START Provided records

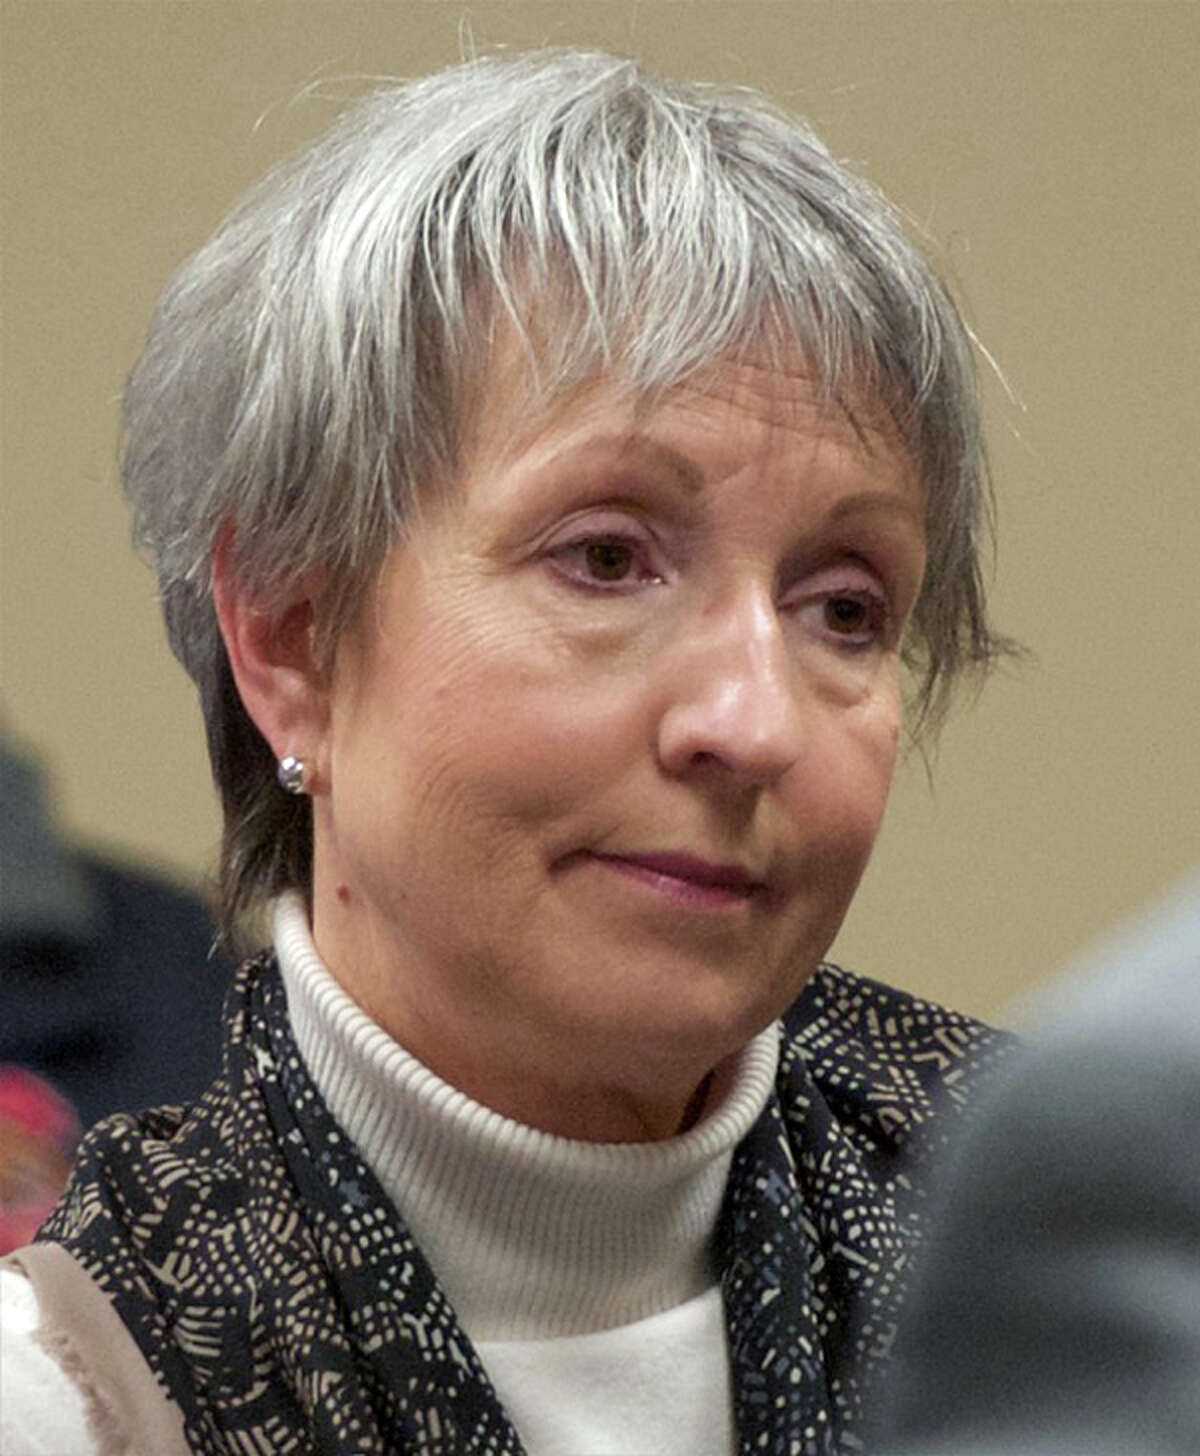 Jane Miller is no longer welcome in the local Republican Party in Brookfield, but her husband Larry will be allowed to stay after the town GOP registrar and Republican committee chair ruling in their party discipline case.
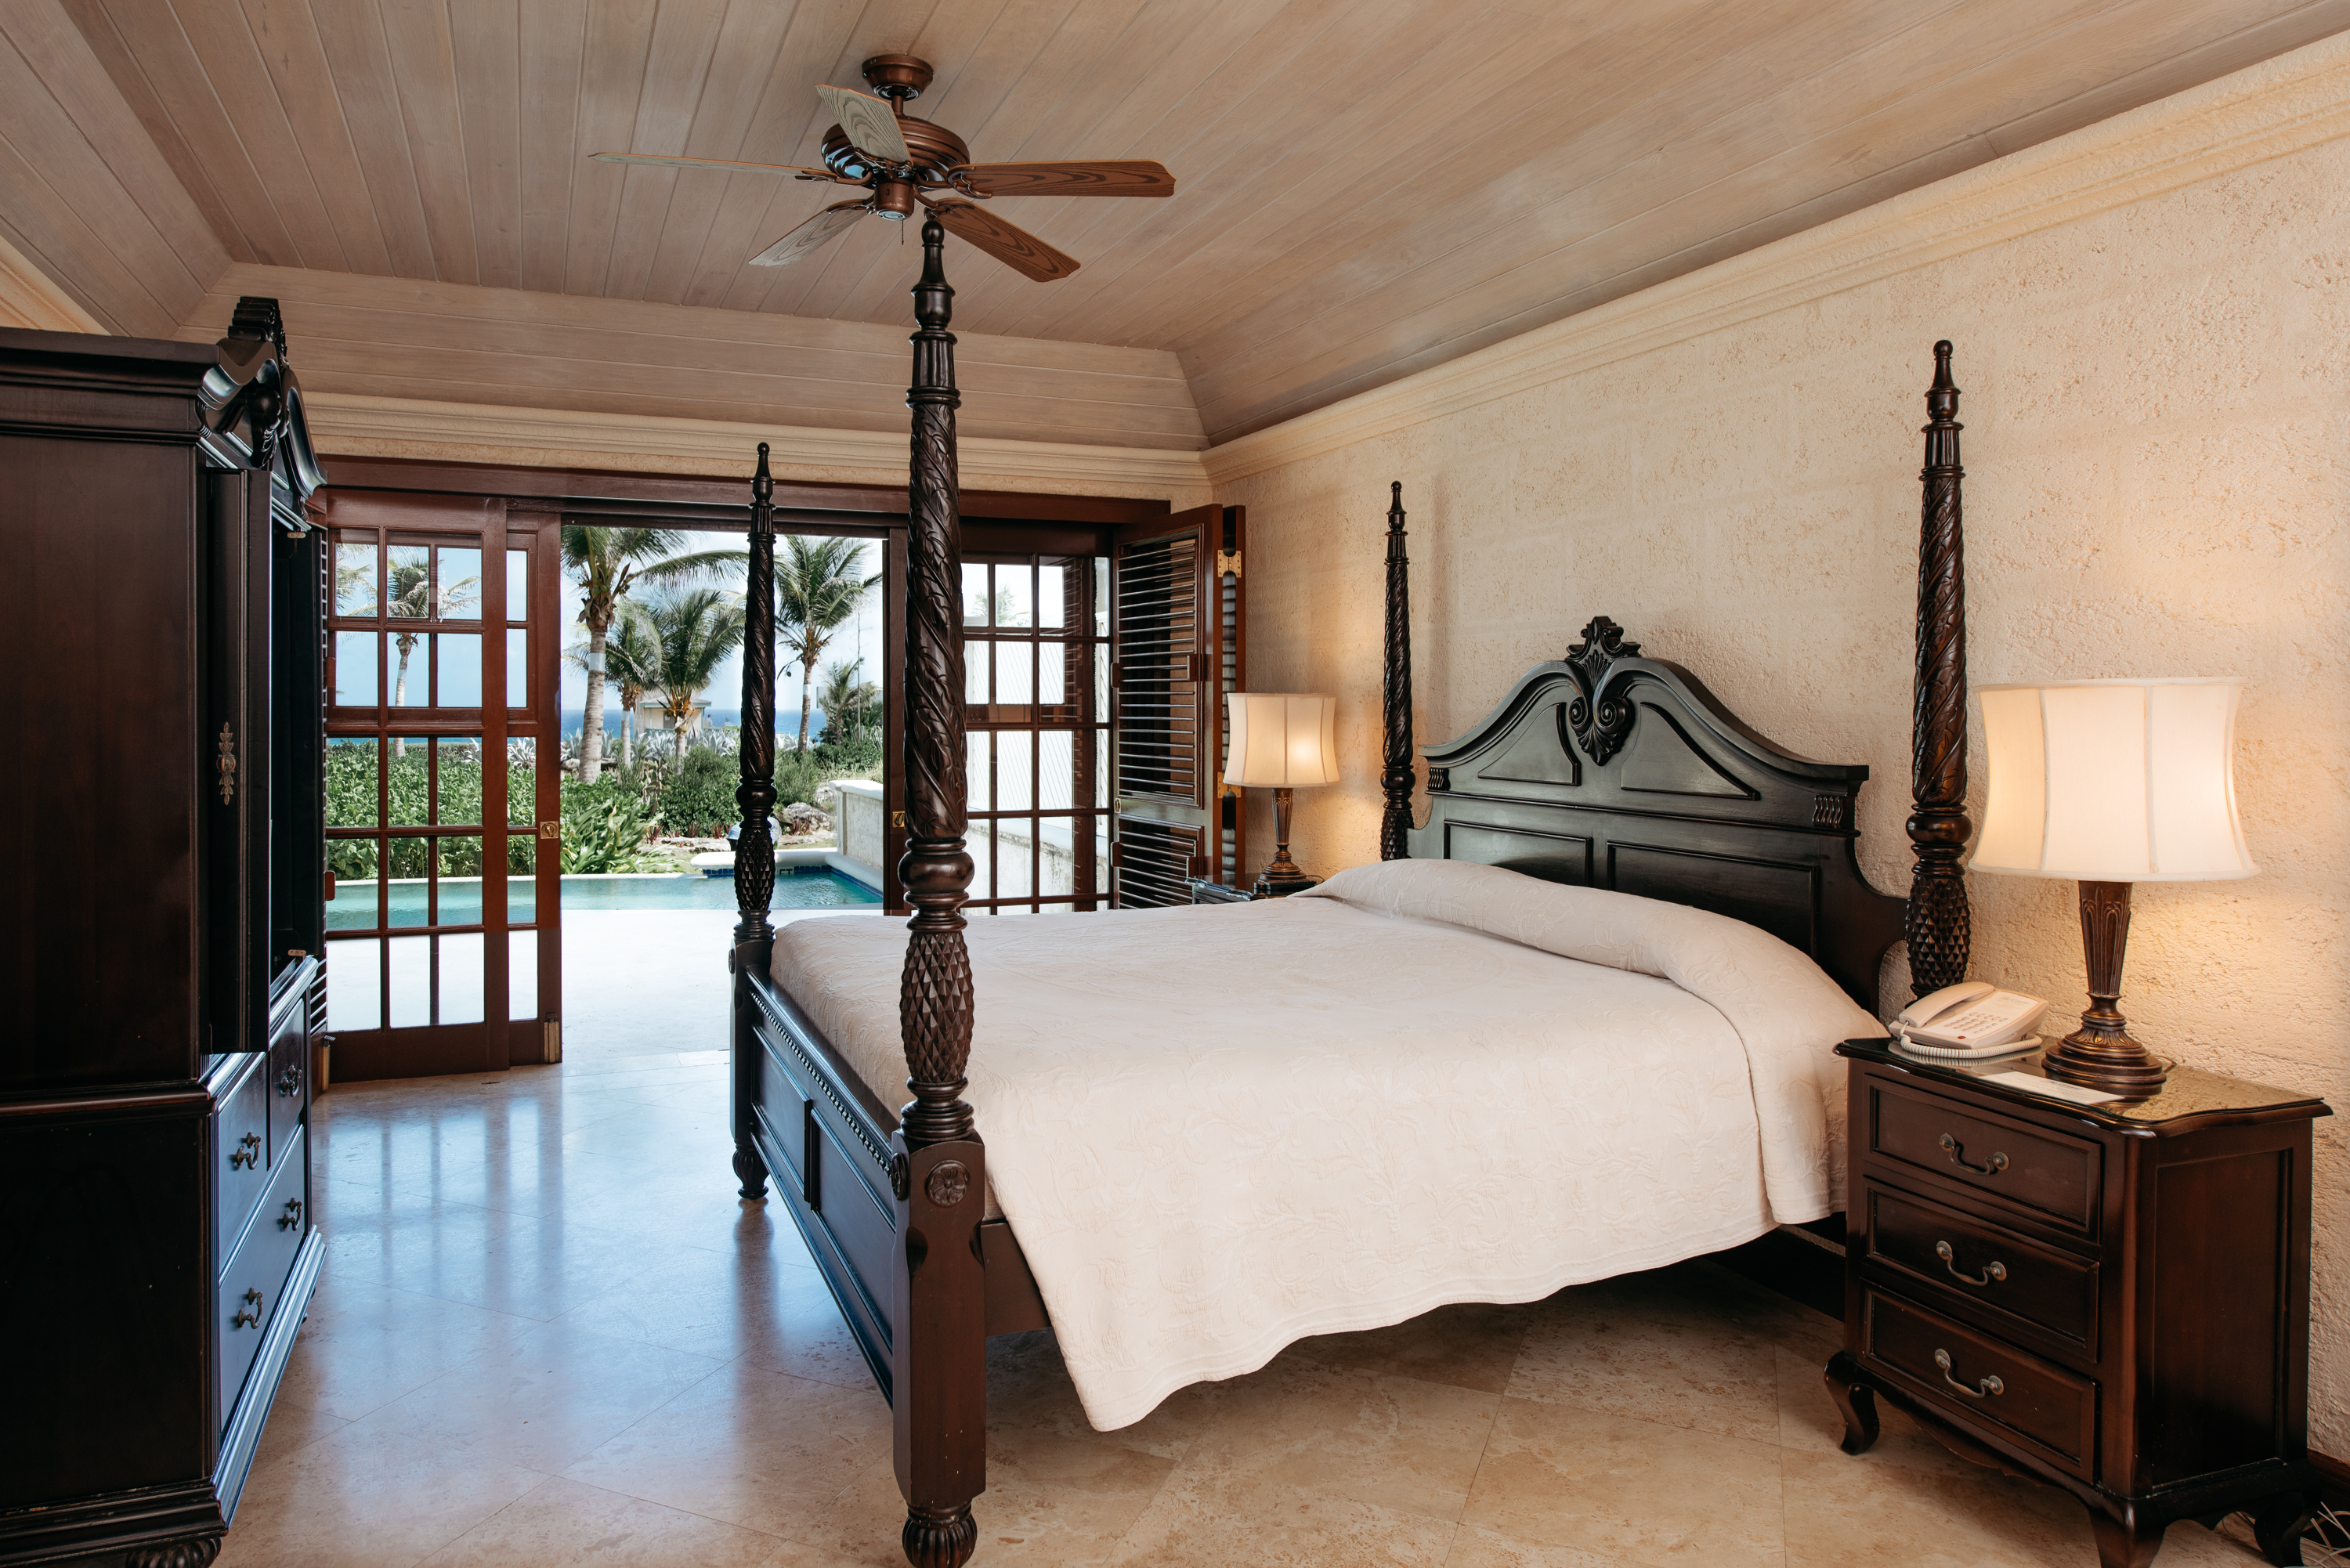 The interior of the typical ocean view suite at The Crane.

END Provided records
START Provided records

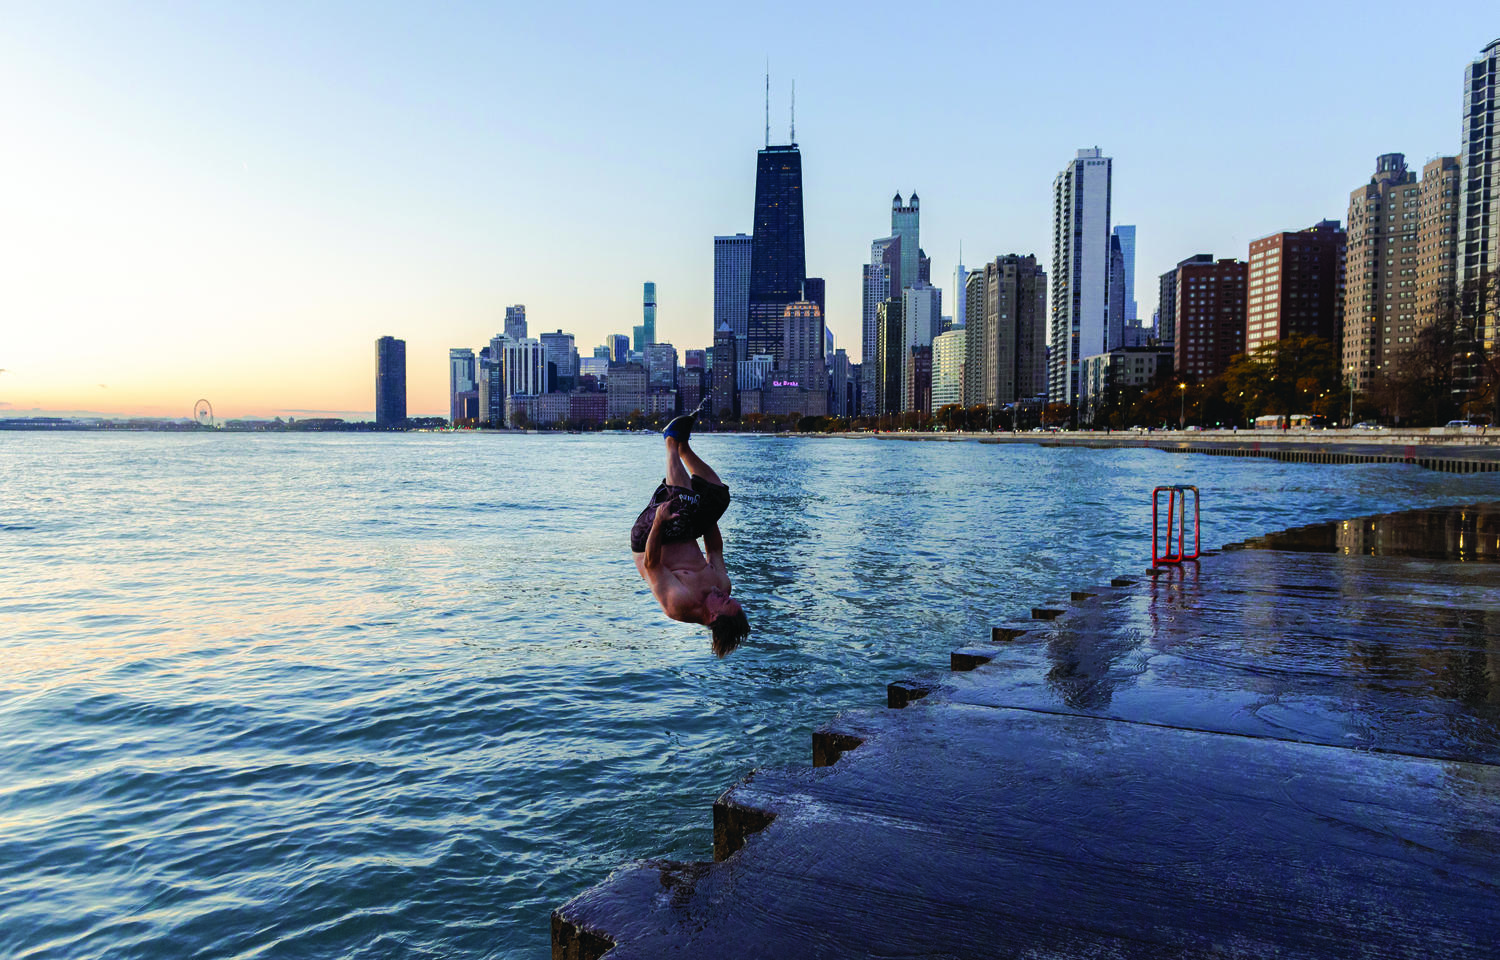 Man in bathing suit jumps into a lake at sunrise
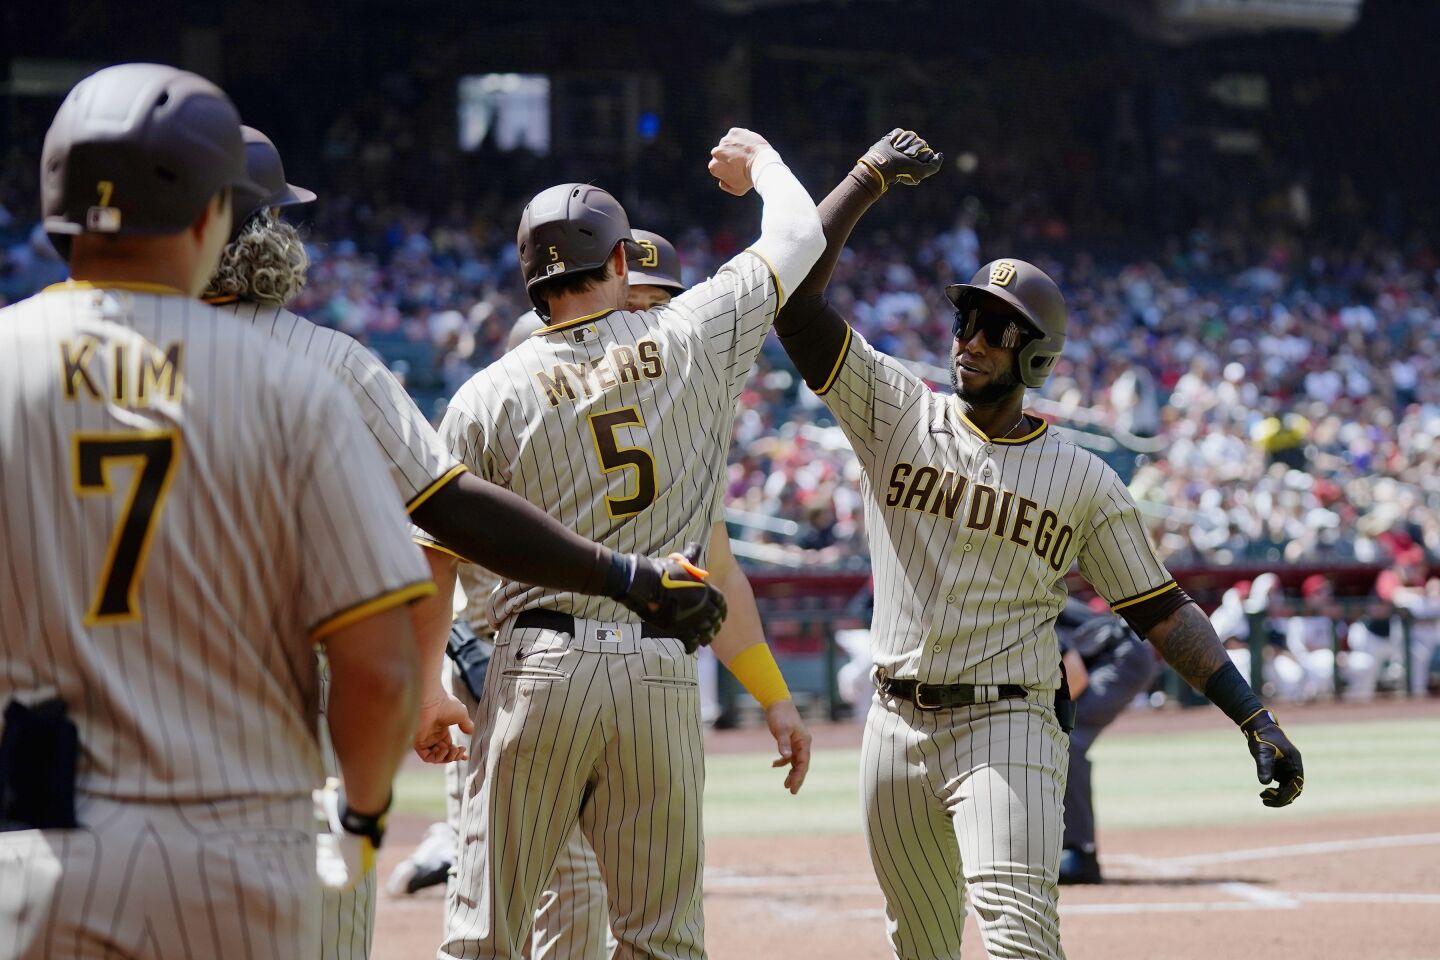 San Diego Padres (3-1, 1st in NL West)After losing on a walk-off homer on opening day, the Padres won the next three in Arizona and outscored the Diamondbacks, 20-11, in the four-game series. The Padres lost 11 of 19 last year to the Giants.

END Provided records

Exercise brief: Set down exactly the lines above, from the line containing "Jane Miller is" through the line containing "The interior of". Skip the pictures.

Exercise output:
 Jane Miller is no longer welcome in the local Republican Party in Brookfield, but her husband Larry will be allowed to stay after the town GOP registrar and Republican committee chair ruling in their party discipline case.
 The interior of the typical ocean view suite at The Crane.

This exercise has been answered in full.